*** Opening Extracted entries ***
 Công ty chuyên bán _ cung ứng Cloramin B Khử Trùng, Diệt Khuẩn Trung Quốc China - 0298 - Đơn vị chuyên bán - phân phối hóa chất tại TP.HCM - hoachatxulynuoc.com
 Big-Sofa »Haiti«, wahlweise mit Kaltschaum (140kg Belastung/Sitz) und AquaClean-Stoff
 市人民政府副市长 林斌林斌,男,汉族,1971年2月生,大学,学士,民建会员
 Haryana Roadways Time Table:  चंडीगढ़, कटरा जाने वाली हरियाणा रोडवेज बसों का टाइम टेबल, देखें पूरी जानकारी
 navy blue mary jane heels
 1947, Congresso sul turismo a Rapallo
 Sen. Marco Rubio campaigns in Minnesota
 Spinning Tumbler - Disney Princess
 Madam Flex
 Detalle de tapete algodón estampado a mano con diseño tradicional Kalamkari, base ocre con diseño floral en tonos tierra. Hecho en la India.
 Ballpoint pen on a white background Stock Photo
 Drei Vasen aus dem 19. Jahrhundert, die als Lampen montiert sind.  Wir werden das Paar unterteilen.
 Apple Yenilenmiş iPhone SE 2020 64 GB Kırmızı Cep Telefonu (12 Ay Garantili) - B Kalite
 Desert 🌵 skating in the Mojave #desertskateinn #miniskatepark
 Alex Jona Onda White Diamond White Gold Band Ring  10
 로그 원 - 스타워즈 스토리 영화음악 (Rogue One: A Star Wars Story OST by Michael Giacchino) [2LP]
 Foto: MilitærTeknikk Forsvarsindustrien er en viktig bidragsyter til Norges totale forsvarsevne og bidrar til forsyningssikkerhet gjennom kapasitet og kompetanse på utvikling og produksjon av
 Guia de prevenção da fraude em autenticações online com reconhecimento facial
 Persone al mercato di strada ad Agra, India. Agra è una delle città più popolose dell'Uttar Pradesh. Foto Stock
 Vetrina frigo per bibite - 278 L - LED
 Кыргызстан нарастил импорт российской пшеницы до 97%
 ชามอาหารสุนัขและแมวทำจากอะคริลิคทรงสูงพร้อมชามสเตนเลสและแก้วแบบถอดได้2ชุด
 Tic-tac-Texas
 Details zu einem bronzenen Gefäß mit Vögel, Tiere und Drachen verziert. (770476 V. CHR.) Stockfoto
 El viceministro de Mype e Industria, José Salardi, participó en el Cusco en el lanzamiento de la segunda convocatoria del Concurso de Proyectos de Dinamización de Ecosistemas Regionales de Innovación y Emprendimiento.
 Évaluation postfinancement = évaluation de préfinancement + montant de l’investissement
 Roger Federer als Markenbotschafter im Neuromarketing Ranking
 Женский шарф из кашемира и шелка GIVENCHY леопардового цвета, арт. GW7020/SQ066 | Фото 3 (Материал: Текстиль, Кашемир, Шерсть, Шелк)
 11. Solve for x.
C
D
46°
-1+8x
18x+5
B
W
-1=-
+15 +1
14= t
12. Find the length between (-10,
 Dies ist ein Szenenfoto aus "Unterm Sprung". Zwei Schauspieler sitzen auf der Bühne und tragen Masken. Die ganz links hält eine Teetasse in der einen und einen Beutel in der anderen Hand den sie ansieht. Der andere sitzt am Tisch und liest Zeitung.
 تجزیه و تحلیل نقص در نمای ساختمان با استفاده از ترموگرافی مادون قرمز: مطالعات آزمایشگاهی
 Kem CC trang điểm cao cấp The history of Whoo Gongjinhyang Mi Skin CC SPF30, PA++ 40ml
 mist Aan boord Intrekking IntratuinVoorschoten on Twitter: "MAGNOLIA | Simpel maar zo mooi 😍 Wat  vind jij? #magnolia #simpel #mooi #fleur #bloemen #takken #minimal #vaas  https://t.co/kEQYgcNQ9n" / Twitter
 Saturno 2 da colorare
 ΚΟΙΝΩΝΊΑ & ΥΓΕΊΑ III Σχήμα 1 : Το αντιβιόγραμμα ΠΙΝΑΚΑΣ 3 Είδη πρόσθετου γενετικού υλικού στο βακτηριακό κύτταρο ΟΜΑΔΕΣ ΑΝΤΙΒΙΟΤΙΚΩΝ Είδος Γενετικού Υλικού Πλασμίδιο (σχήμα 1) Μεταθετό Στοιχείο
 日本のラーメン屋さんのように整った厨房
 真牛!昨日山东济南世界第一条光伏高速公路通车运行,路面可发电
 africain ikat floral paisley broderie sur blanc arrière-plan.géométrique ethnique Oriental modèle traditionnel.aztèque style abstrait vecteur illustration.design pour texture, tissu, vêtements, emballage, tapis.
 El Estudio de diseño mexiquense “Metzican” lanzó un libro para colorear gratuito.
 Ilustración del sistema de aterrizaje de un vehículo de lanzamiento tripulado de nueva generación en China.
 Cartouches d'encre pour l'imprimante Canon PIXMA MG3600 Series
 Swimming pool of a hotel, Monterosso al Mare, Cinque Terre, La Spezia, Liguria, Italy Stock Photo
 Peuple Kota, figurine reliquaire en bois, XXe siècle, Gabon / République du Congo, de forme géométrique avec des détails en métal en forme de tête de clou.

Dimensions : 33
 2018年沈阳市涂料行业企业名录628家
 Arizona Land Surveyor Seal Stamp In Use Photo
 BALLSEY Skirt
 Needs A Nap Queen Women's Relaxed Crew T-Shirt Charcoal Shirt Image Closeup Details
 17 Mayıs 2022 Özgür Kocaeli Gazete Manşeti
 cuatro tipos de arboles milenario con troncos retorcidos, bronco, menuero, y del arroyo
*** Closing Extracted entries ***
### Activity
Repeat exactly the lines above from the one with "12. Find the" up to and including the one with "Kem CC trang". No other line belongs in the reply.

### Task answer
12. Find the length between (-10,
 Dies ist ein Szenenfoto aus "Unterm Sprung". Zwei Schauspieler sitzen auf der Bühne und tragen Masken. Die ganz links hält eine Teetasse in der einen und einen Beutel in der anderen Hand den sie ansieht. Der andere sitzt am Tisch und liest Zeitung.
 تجزیه و تحلیل نقص در نمای ساختمان با استفاده از ترموگرافی مادون قرمز: مطالعات آزمایشگاهی
 Kem CC trang điểm cao cấp The history of Whoo Gongjinhyang Mi Skin CC SPF30, PA++ 40ml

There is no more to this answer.